Skinnier, more tender, and more delicate in flavour than the popular Baguio beans (tho our Bauko farmers believe they should be called Bauko beans), French beans are as easy to prepare. Maybe even easier! They do not have the tough fibrous string running along the length of their pods, saving time when prepping. Wash and trim one end, keeping the tail, which adds a pleasing look to your dish.
French beans love quick-cooking methods, and it’s best to serve them when they’ve turned a vibrant green in the hot pan and are still slightly crisp. They’re great blistered, stir-fried, or sautéed whole or in halves with garlic, ginger, or shallots, and toasted nuts like cashews then topped with crispy leeks. Ate Sinta serves them with a bit of curry powder, which highlights their delicate sweetness.

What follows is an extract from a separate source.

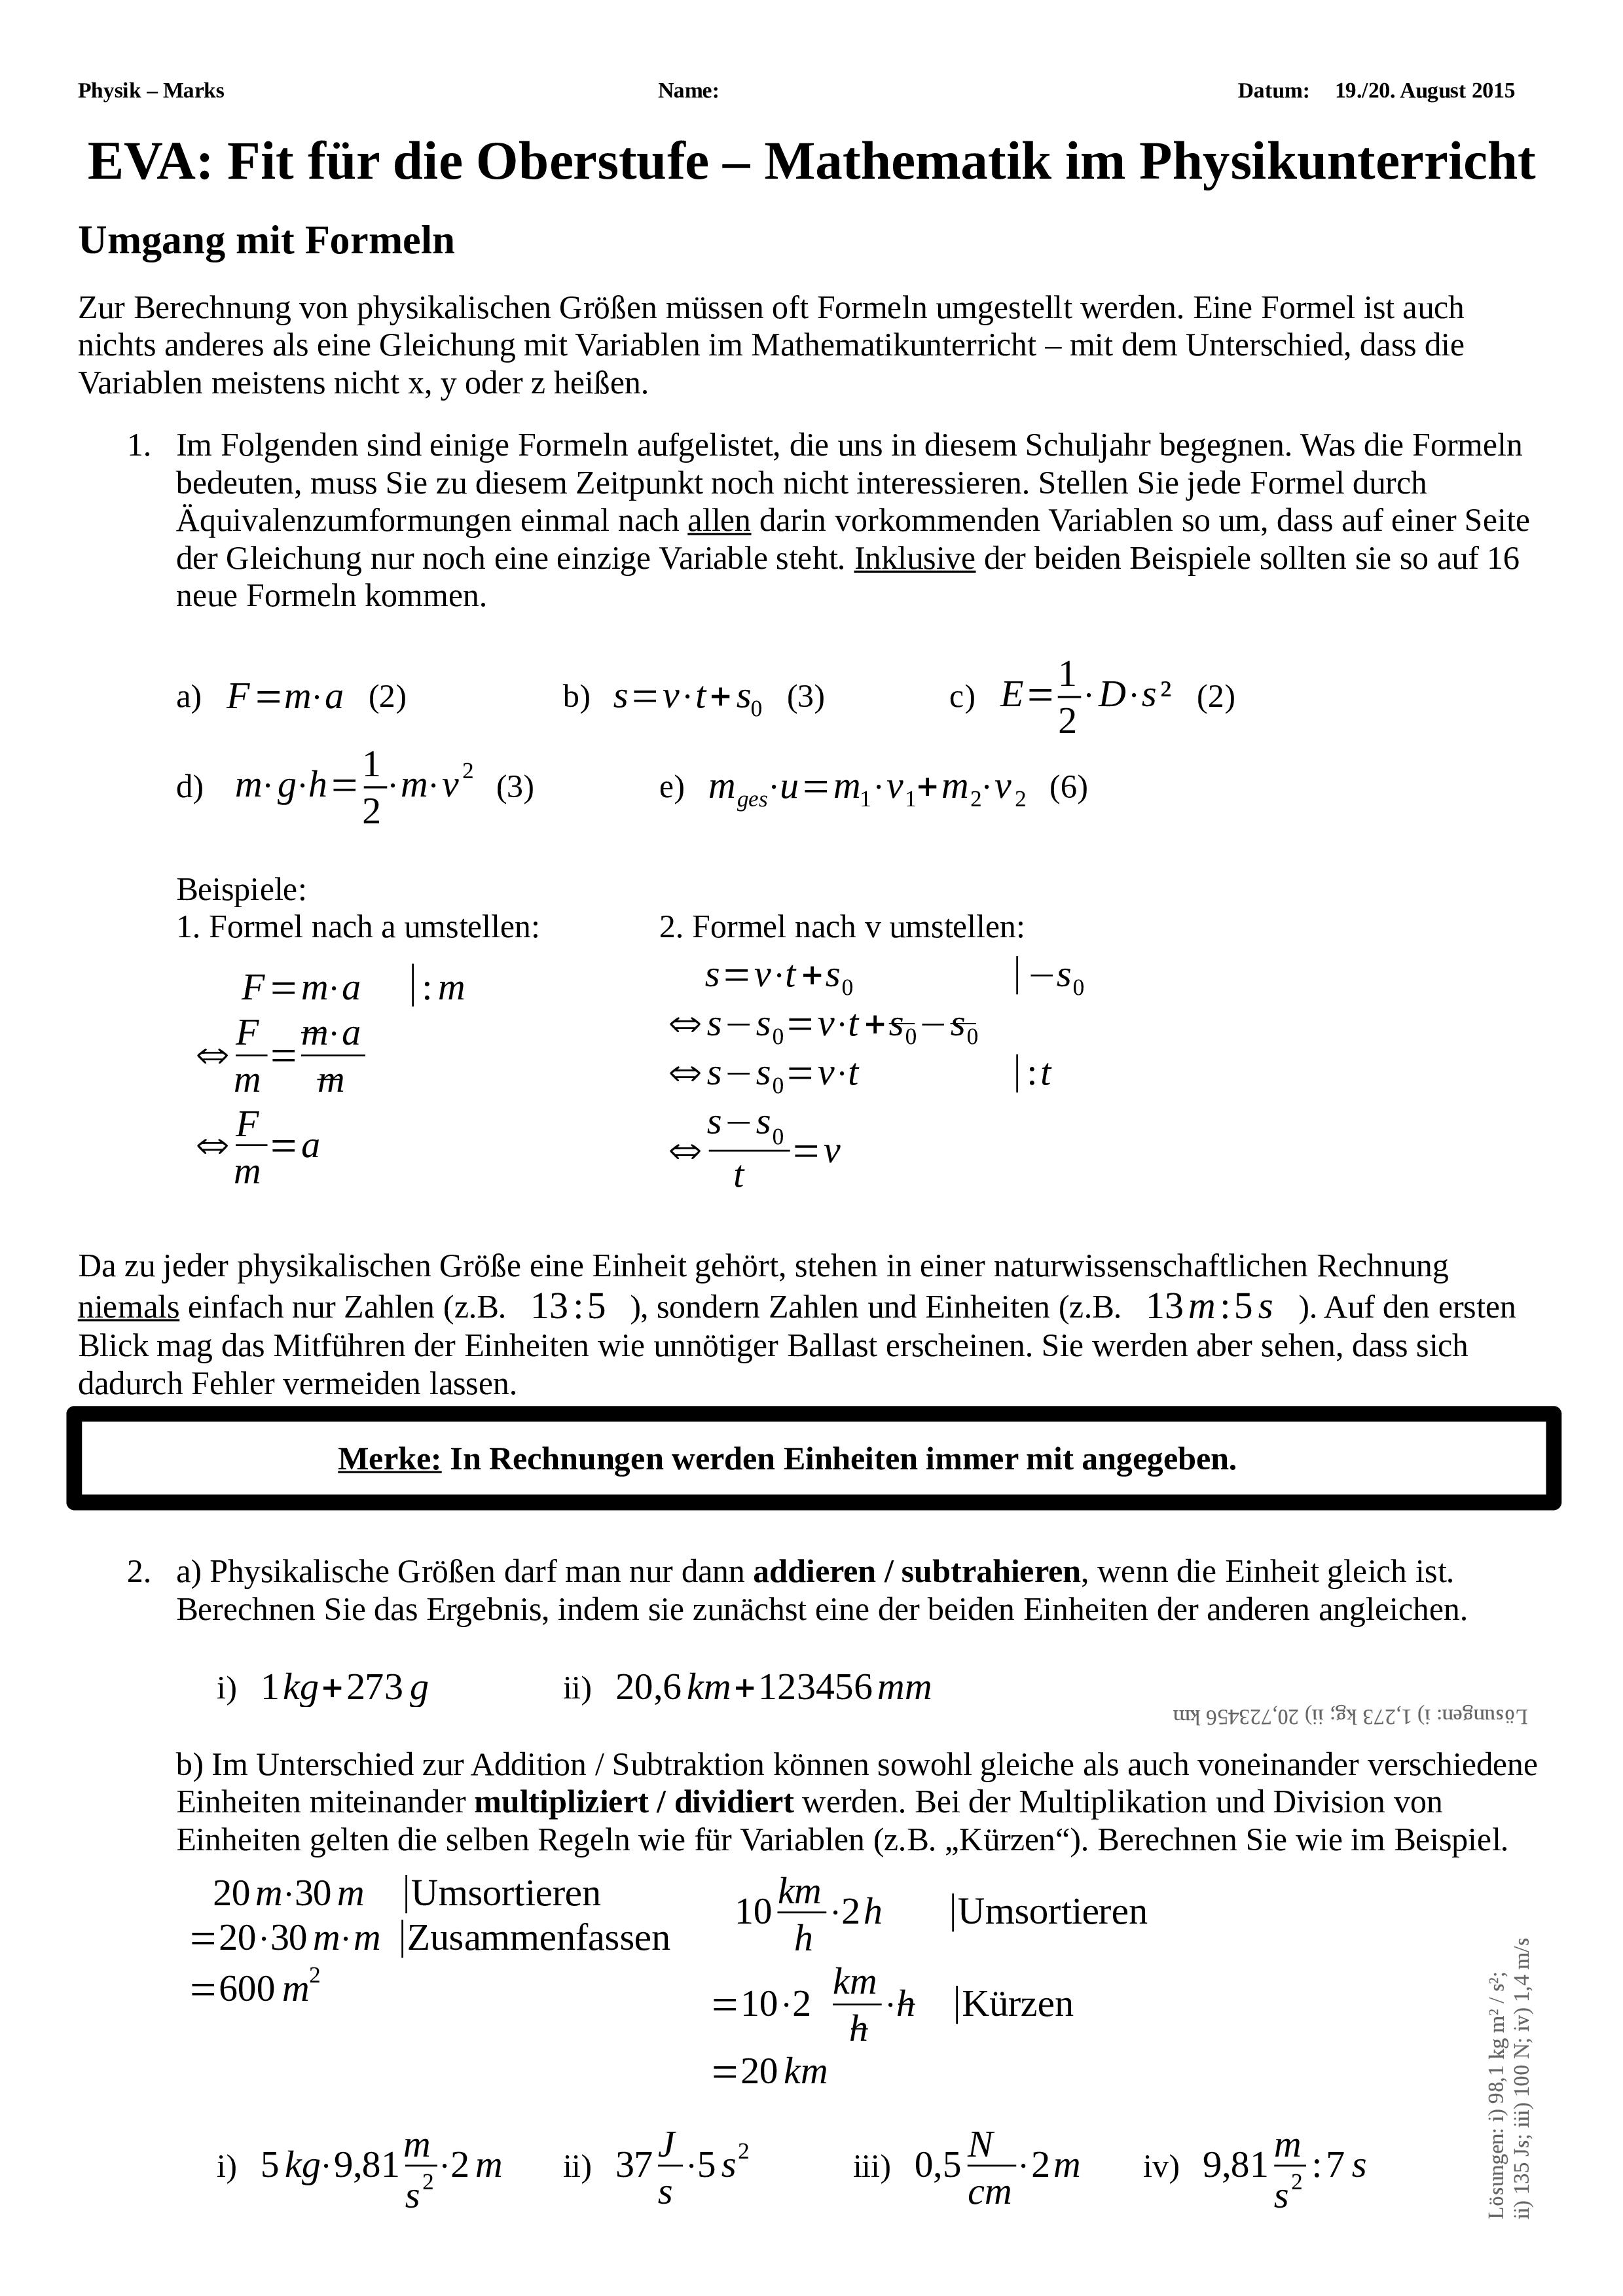 Mathematische Grundlagen Fur Die Physik Der Oberstufe Unterrichtsmaterial Im Fach Physik Mathematik Physik Mathematikunterricht

Blanched, they can be tossed in salads a la Nicoise with steamed potatoes, cherry tomatoes, and lettuce greens; or in a pasta salad with spiral pasta, basil (or any-greens) pesto, cherry tomatoes, and olives; even in pancit canton with cabbage and carrots! Cut them into tiny pieces and they can be added to gising-gising or fried lumpia.
They are also known as haricot vert, French for ‘green bean’, and are called such not because of their color but to say that they are still unripe and the seeds inside have not yet fully matured. When they do, however, the seeds can be dried and cooked like other dried beans.